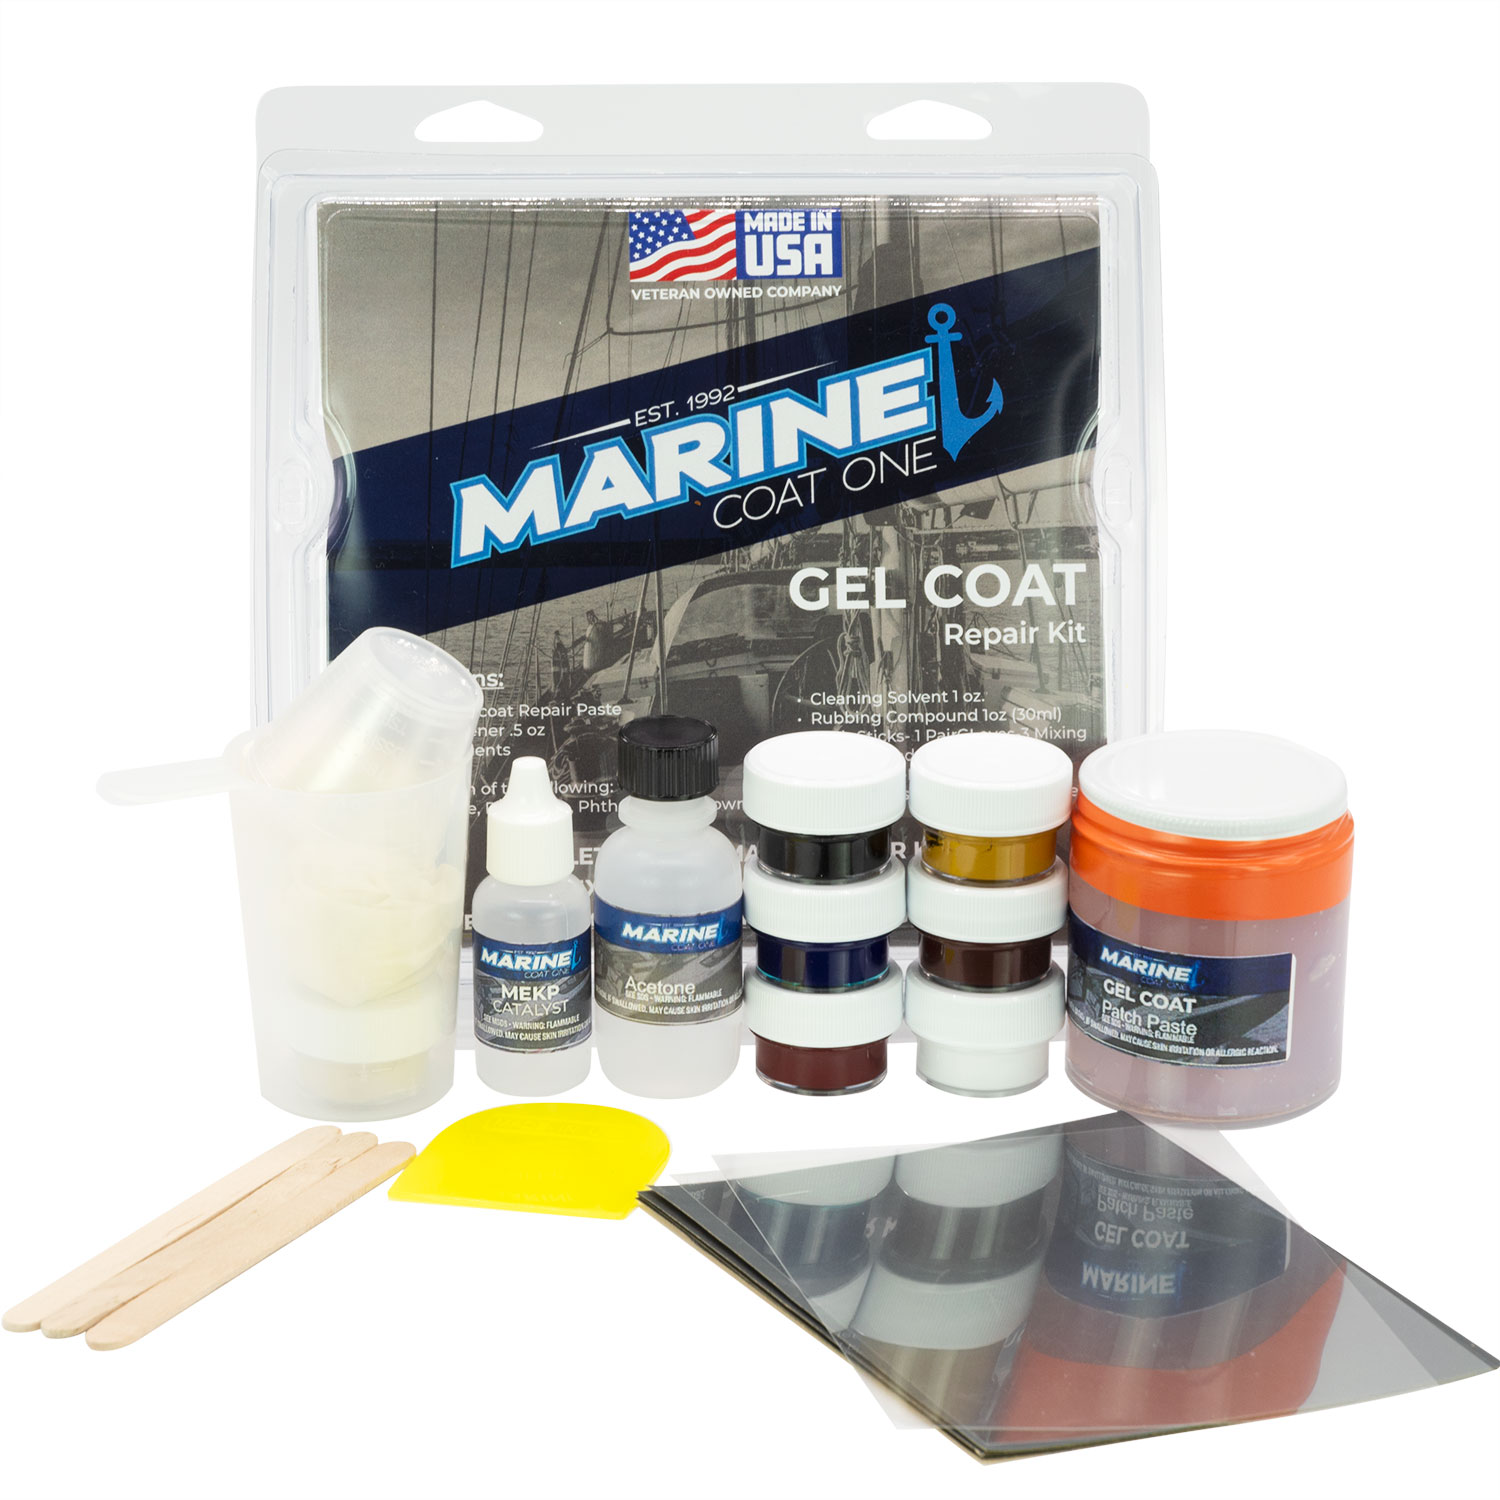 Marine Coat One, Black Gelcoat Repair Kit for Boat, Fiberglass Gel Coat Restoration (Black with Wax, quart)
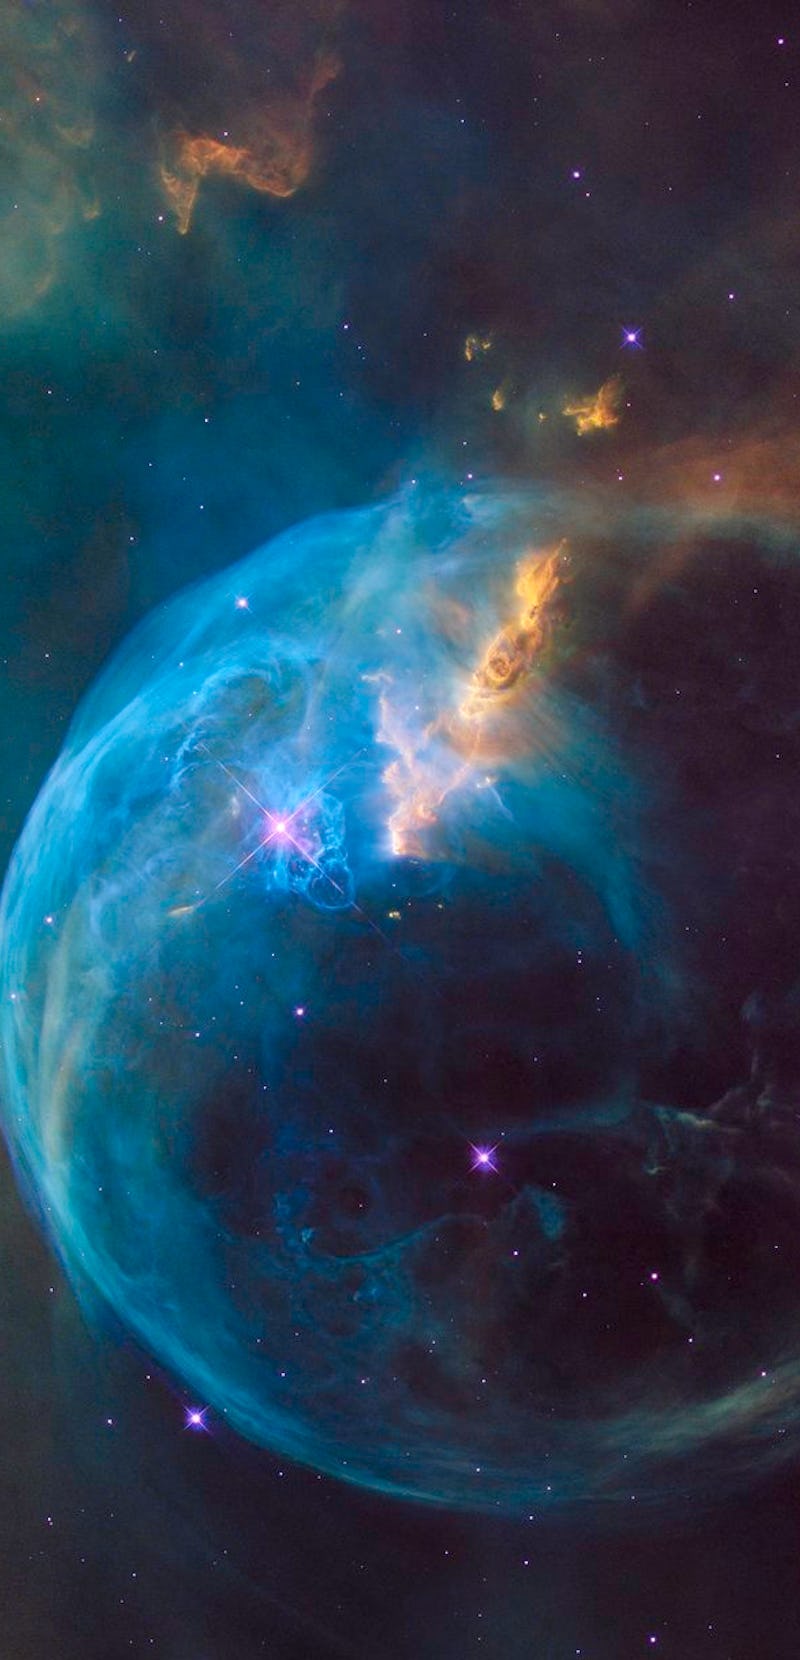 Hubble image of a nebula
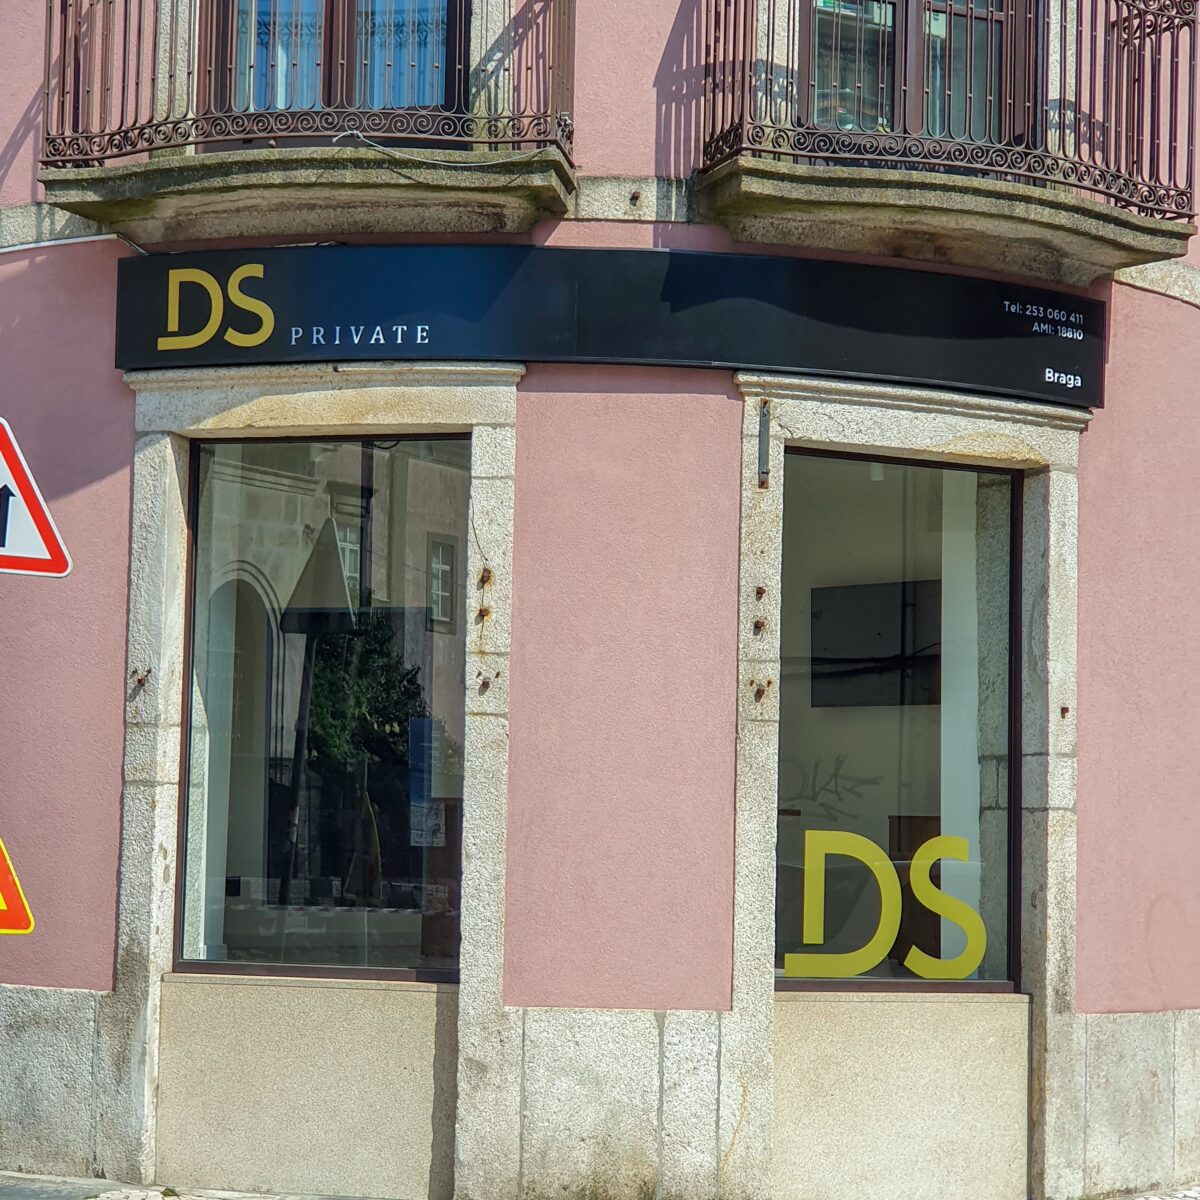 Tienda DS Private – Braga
______________________________
> Exercise: Word for word, restate each line above, minus its pictures.

> Solution:
 Marine Coat One, Black Gelcoat Repair Kit for Boat, Fiberglass Gel Coat Restoration (Black with Wax, quart)
 Hubble image of a nebula
 Tienda DS Private – Braga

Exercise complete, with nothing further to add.